Assignment 3 Two Sample Test
3.1 Paired vs Unpaired t-test
Paired t-test is used to evaluate differences between two sets of results taken from the same sample. Since the values are dependent, taking their difference (Ex: diff = after - before) essentially transforms the paired t-test into a one-sample t-test, with \(H_0: \text{diff} =\bar{x}_1 - \bar{x}_0 = 0\) and \(\text{df} = n-1\).
Unpaired t-test is also refered as two sample t-test. In this case your samples are independent, with \(\text{df} = n_1 + n_2 - 2\) assuming equal/pooled variances between your two samples. However if we assumed unequal variance (which R does by default), you perform a Welch’s t-test (also known as unequal variances/unpooled t-test). The degrees of freedom formula for Welch’s t-test is more complicated.
I will use the rats running time under hot vs cold conditions dataset (n = 20) to conduct both a paired and two-sample t-test. Of course, do not use 2-sample t-test when you have paired data and vice versa. For my two-sample t-test I will assume they are unpaired (n = 40).
dataset3 <- fread("C:/Users/Elspectra/Desktop/Core Course TA/Week 3/running_times.csv")
#Paired t-test.
result3_paired <- t.test(x = dataset3[["warm"]],
y = dataset3[["cold"]],
alternative = "two.sided",
paired = TRUE)
#Unpaired t-test. Keep in mind we are assuming two samples of n=20 rats in this case. Do not perform 2-sample t-test for a paired sample.
result3_unpaired <- t.test(x = dataset3[["warm"]],
y = dataset3[["cold"]],
alternative = "two.sided")
#Building the table this way is pretty unimpressive.

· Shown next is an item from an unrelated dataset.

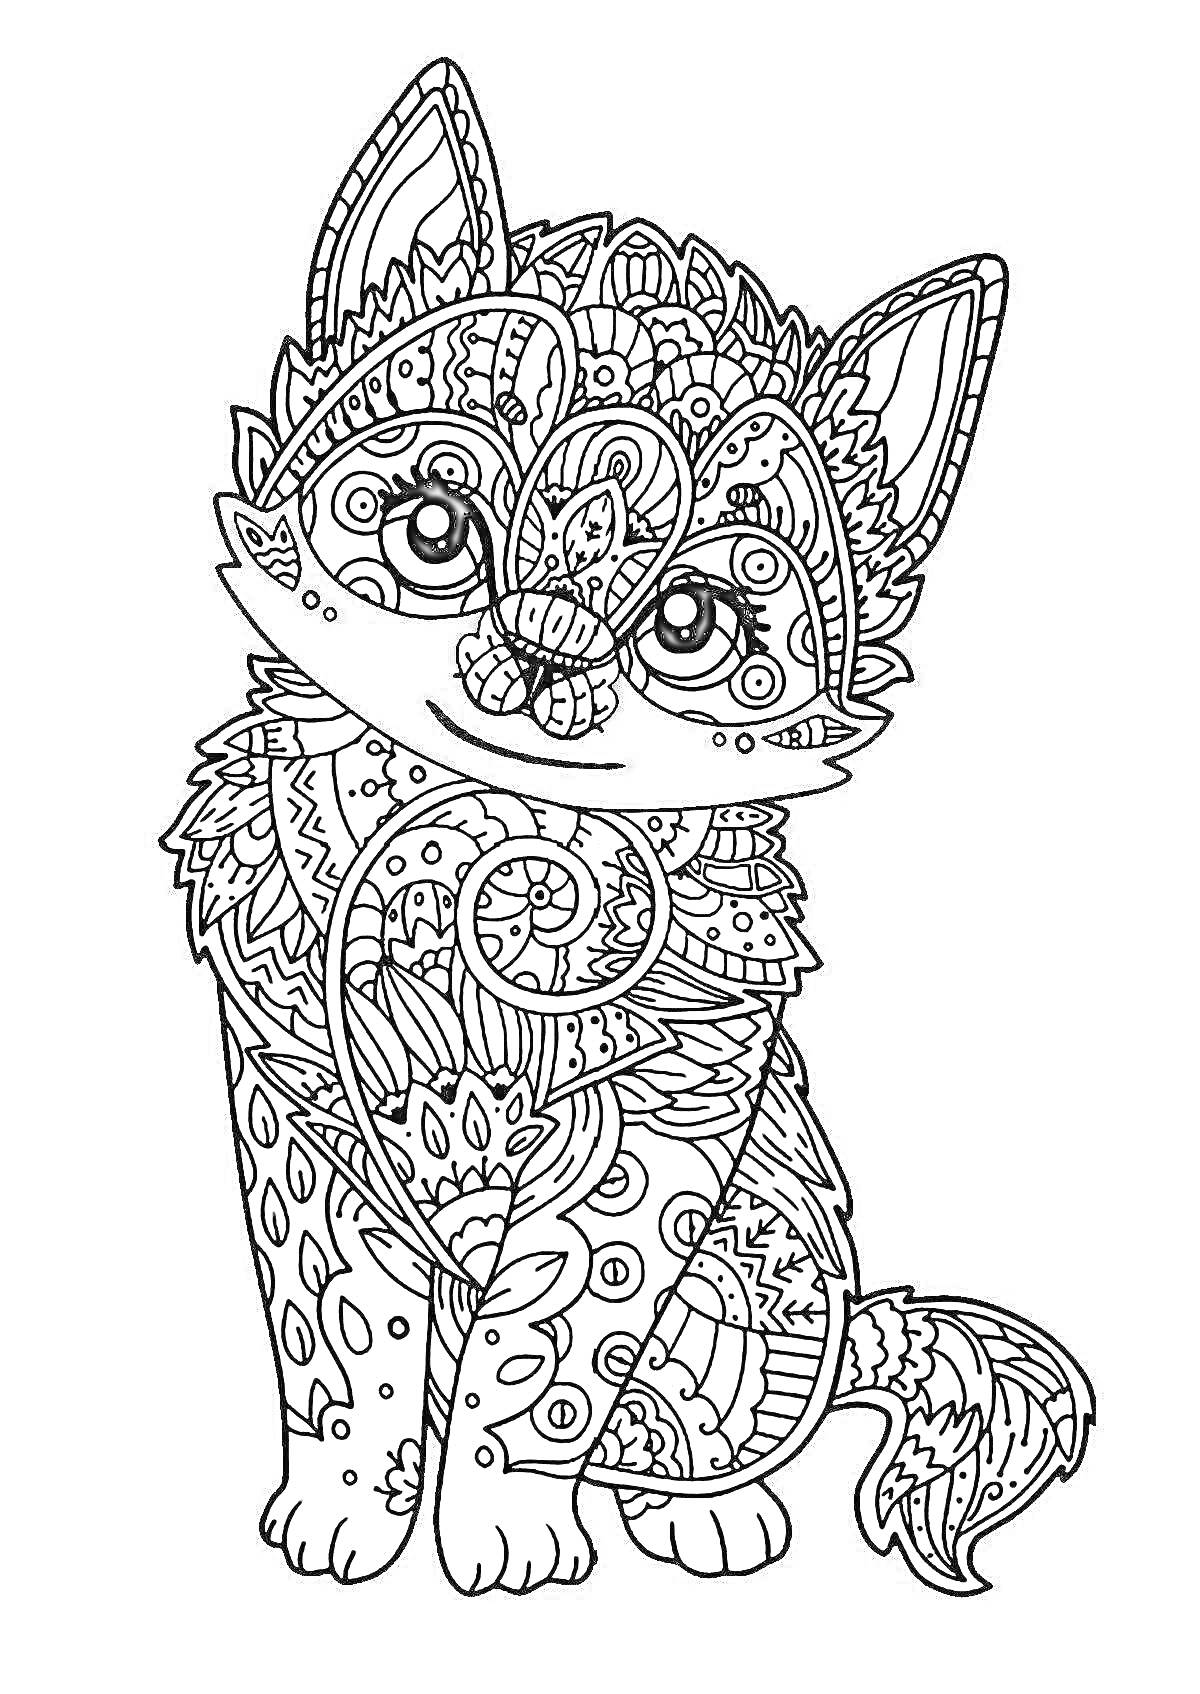 Раскраска Раскраска с изображением котенка, наполненного сложными узорами и узорчатыми элементами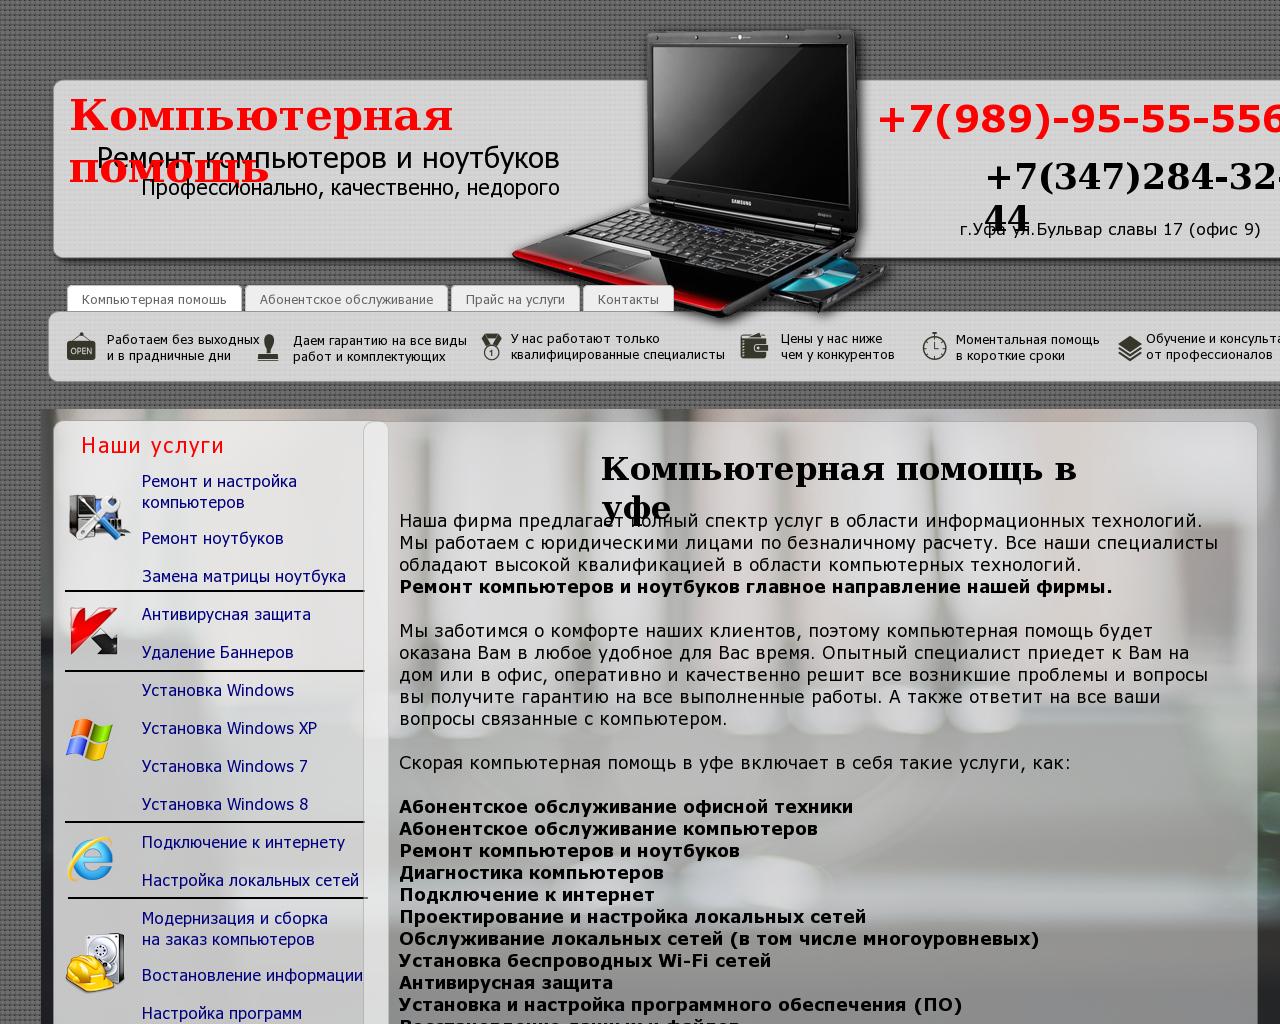 Изображение сайта helppk.ru в разрешении 1280x1024

Wonder if there is a way to loop it. The issue I encountered was that the variable name must be explicitly stated, which cant be done in a loop.
result3_summary = data.table(Test = c(result3_paired[["method"]], result3_unpaired[["method"]]),
Method = c(result3_paired[["alternative"]], result3_unpaired[["alternative"]]),
t_statistic = c(round(result3_paired[["statistic"]], 2), round(result3_unpaired[["statistic"]], 2)),
df = c(round(result3_paired[["parameter"]], 1), round(result3_unpaired[["parameter"]], 1)),
p_value = c(round(result3_paired[["p.value"]], 5), round(result3_unpaired[["p.value"]], 5)))
#datatable() does not seem to work in bookdown. Therefore will use knitr as alternative to display tables.
knitr::kable(result3_summary)
Test | Method | t_statistic | df | p_value |
---|---|---|---|---|
Paired t-test | two.sided | 5.73 | 19.0 | 0.00002 |
Welch Two Sample t-test | two.sided | 3.73 | 28.2 | 0.00085 |
I have listed these two tests side by side to show differences in how they can be visually reported.
Note: once again, these results should be interpreted independently and not side by side. A paired t-test should never be used for independent samples, for example.
#To generate a multi-category scatter plot, we first have to modify the dataset and add a 'condition' variable.
dataset3 <- cbind(ID = rownames(dataset3), dataset3)
dataset3_edit <- data.table(ID = character(0),
condition = character(0),
time = numeric(0))
#This loop allows me to stack one condition and its values on top of the other.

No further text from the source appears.